Summarize Twitter Live data using Pretrained NLP models

manmohan24nov Last Updated : 06 Nov, 2020

4 min read

Introduction

Twitter users spend an average of 4 minutes on social media Twitter. On an average of 1 minute, they read the same stuff. It shows that users spend around 25% of their time reading the same stuff.

Also, most of the tweets will not appear on your dashboard. You may get to know the trending topics, but you miss not trending topics. In trending topics, you might only read the top 5 tweets and their comments.

So, what are you going to do to avoid wastage of time on Twitter?

I would say summarize your whole trending Twitter tags data. And, then you can finish reading all trending tweets in less than 2 minutes.

In this article, I will explain to you how you can leverage Natural Language Processing (NLP) pre-trained models to summarize twitter posts based on hashtags. We will use 4 ( T5, BART, GPT-2, XLNet) pre-trained models for this job.

Why use 4 types of pre-trained models for summarization?

Each pre-trained model has its own architecture and weights. So, the summarization output given by these models could be different from each other.

Test the twitter data on different models and then choose the model which shows summarization close to your understanding. And then deploy that model into production.

Let’s start with collecting Twitter Live data.

Twitter Live Data

You can get Twitter live data in 2 ways.

Official Twitter API. Follow this article to get a Twitter dataset.
Use the Beautiful Soup library to scrape the data from Twitter.

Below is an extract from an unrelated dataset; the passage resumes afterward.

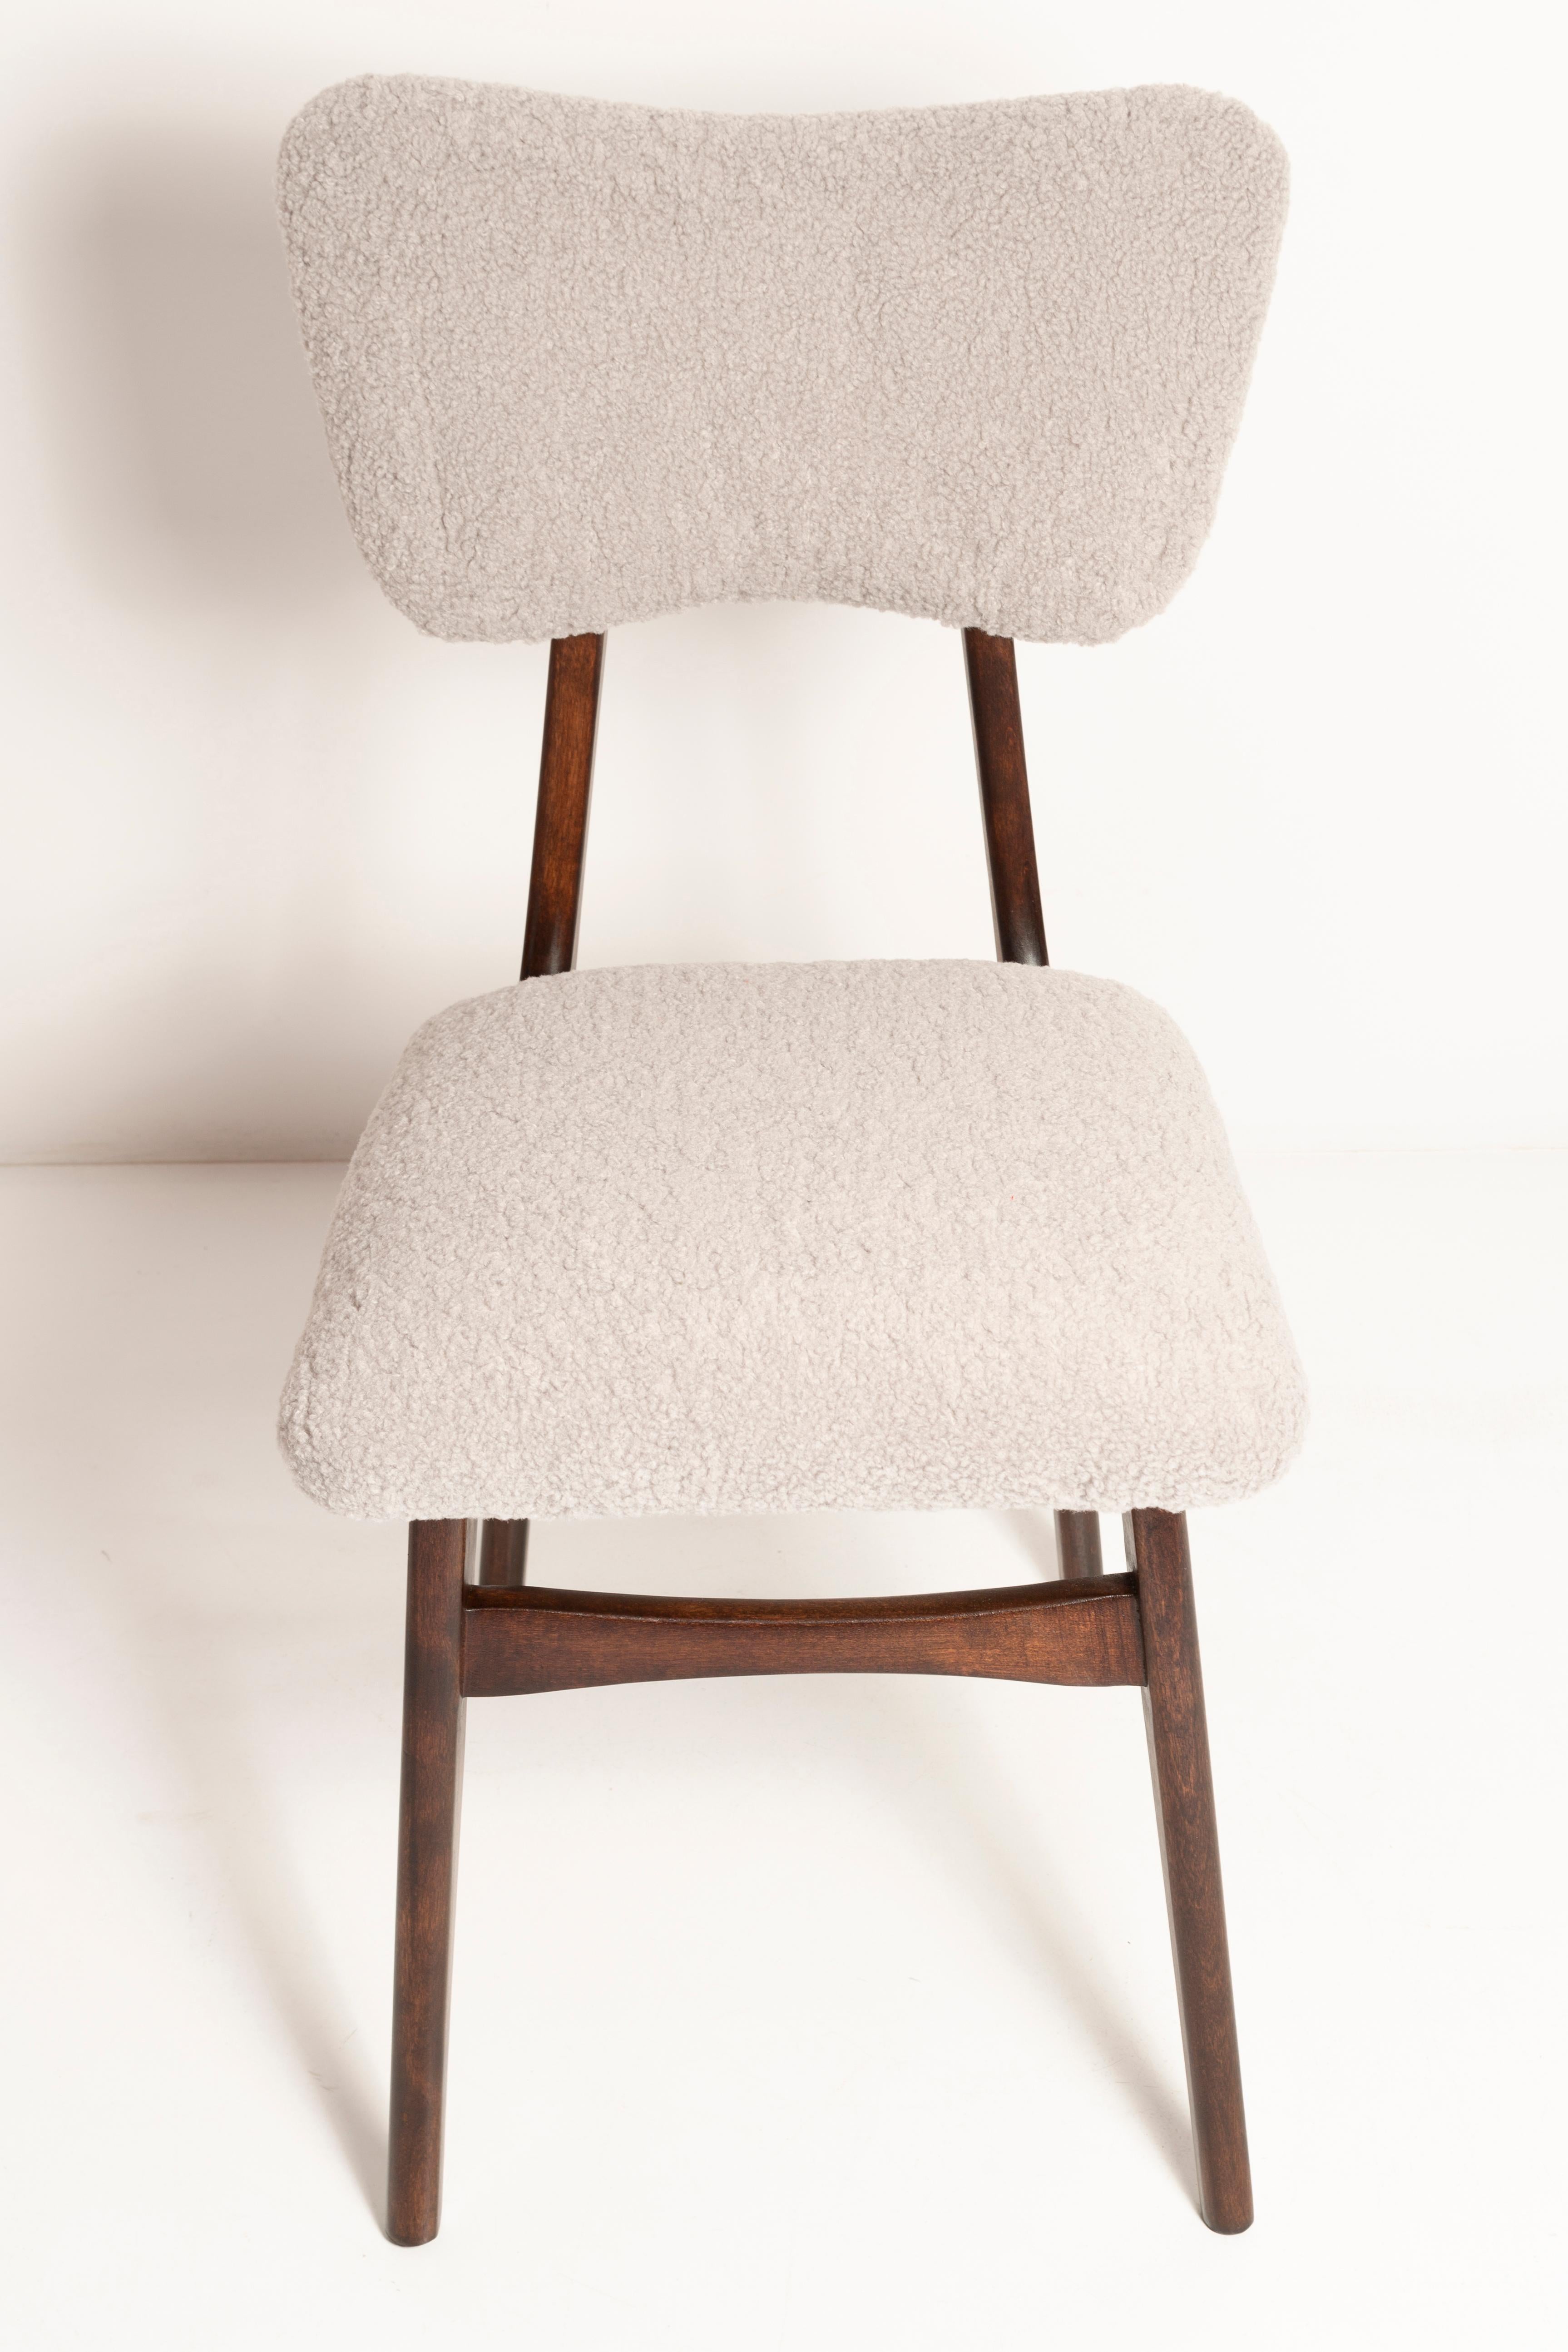 Mid Century Butterfly Chair, Light Gray Boucle, Dark Walnut Wood, Europe, 1960s For Sale 5

I will be using step 1 to fetch the data. Once you receive the credentials for Twitter API, follow the below code to get Twitter data through API.

	In [1]: import tweepy

	In [2]: # Twitter API credentials
	...: consumer_key = "consumer key"
	...: consumer_secret = "consumer secret"
	...: access_key = "access key"
	...: access_secret = "access secret"

	In [3]: auth = tweepy.OAuthHandler(consumer_key, consumer_secret)
	...: auth.set_access_token(access_key, access_secret)
	...: api = tweepy.API(auth,wait_on_rate_limit=True)

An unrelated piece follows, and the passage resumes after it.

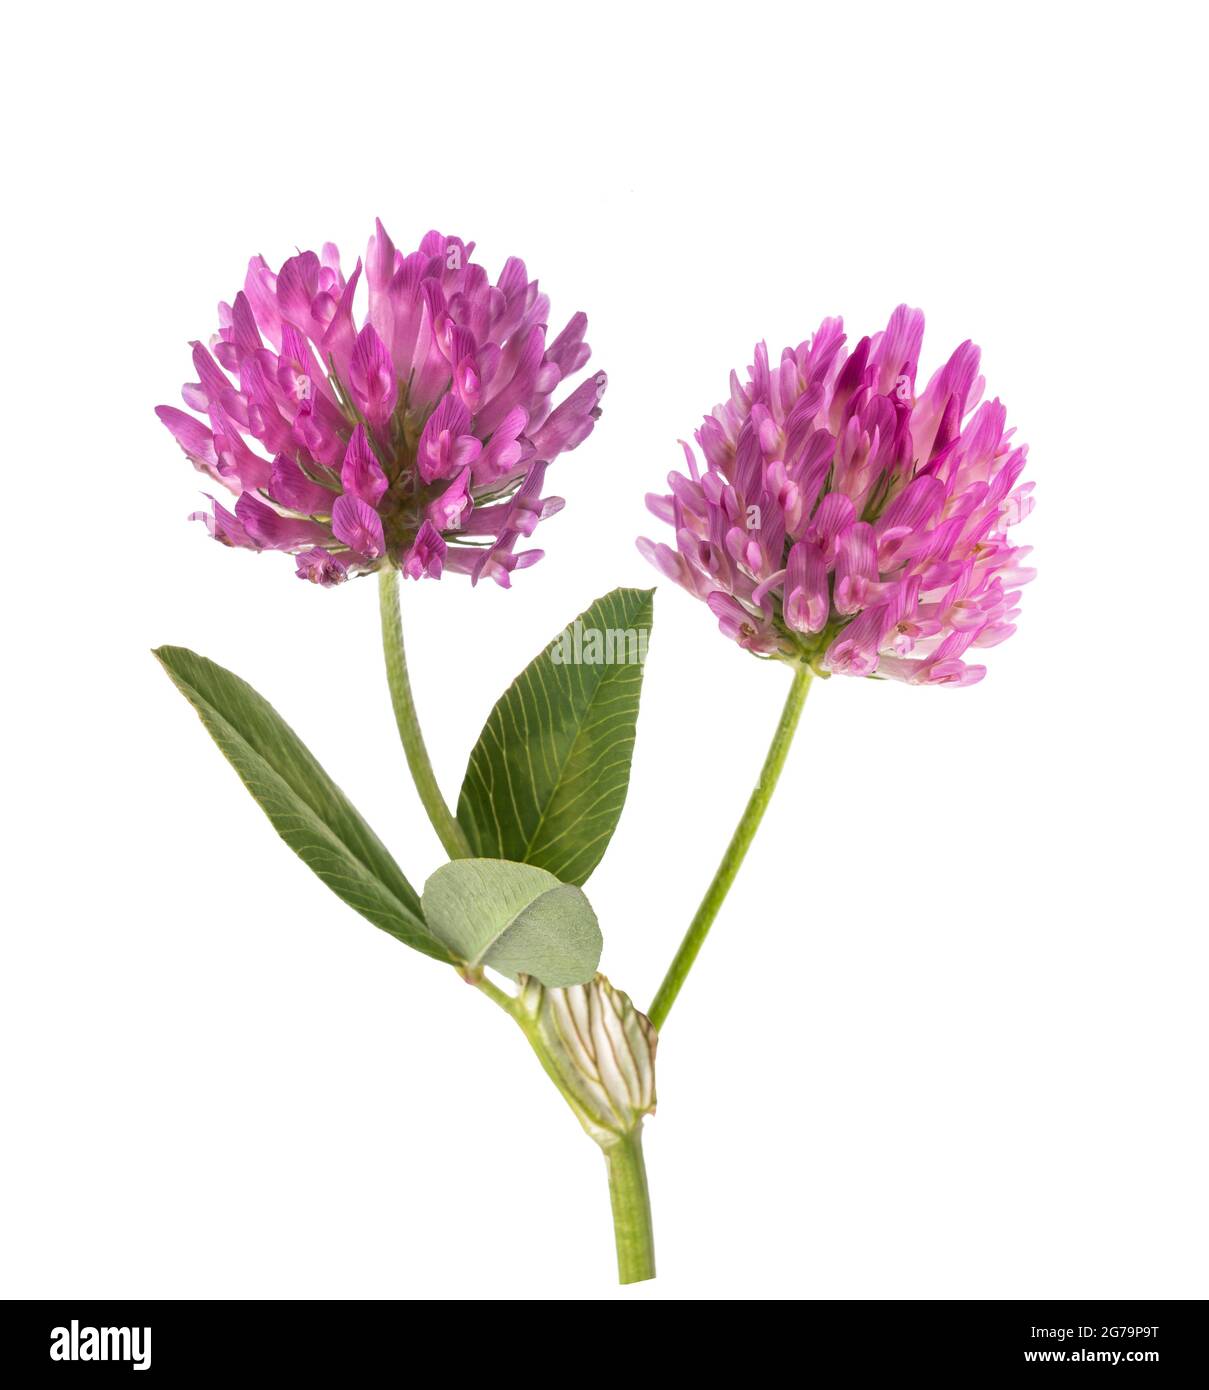 Clover flowers  isolated on white background Stock Photo

	In [4]: # Define the search term and removes the retweets to avoid duplicate data
	...: search_words = "#USElections2020"
	...: search_words = search_words + " -filter:retweets"

	In [5]: # Collect tweets
	...: tweet_new =tweepy.Cursor(api.search,
	...: q=search_words,
	...: lang="en",
	...: result_type='popular').items(100)

	In [6]: tweet_data=[]
	...: # Iterate the tweets
	...: for tweet in tweet_new:
	...: tweet_data.append(tweet.text)
	...:

	In [7]: tweet_data
	Out[7]:
	['Nine Nigerian-Americans Contesting In United States Election On Tuesday \| Sahara Reporters https://t.co/YvozKoaP70… https://t.co/lZ3h9Ne5pA',
	'#SRPoll: Which Candidate Do You Support In The US Presidential Election?\n\n1. @JoeBiden - Democratic Candidate\n\n2.… https://t.co/vpbqN5P9jn',
	'One Day To US Elections, @JoeBiden Leads As @realDonaldTrump Trails In Battleground States, Threatens To Head To Co… https://t.co/JaBB79T5sb',
	'Time Machine:\nAmazing that Martin Luther King Jr. was 31 years old when he gave this prescient and prophetic speech… https://t.co/hQjT5nHZ3A',
	'The best thing about #USElections2020 is how the NRIs are supporting the narratives for #JoeBiden of equality, free… https://t.co/yne65KlkdT',
	'A reminder as you seek comfort food in the days ahead that calories don’t count if you don’t use a plate. #HandToMouth #USElections2020',
	'Don’t forget the big #USElections2020 overnight show with me and a host of brilliant guests on both sides of the At… https://t.co/6G2LVXXZGM',
	'When I tell you Trump is a 🇳🇬Politician you lot will say its nonsense.\nWọn n pin iresi in the abroad… https://t.co/uVl27mRQTJ',
	'“In a choice between a clown and a gaffe-prone plagiarist tarred by his son’s alleged corruption, Trump deserves th… https://t.co/PBR8IdqCo6',
	'OPINION: An eerily timely message to Americans, resonating across the decades, on the eve of the 2020 presidential… https://t.co/cqIrQuBp3b',
	'In the coming days and weeks especially, it is critical that social media platforms apply their standards in a mann… https://t.co/kXXm26lncZ',
	'With just 2 days to go, what does my timeline think about the #USElections2020']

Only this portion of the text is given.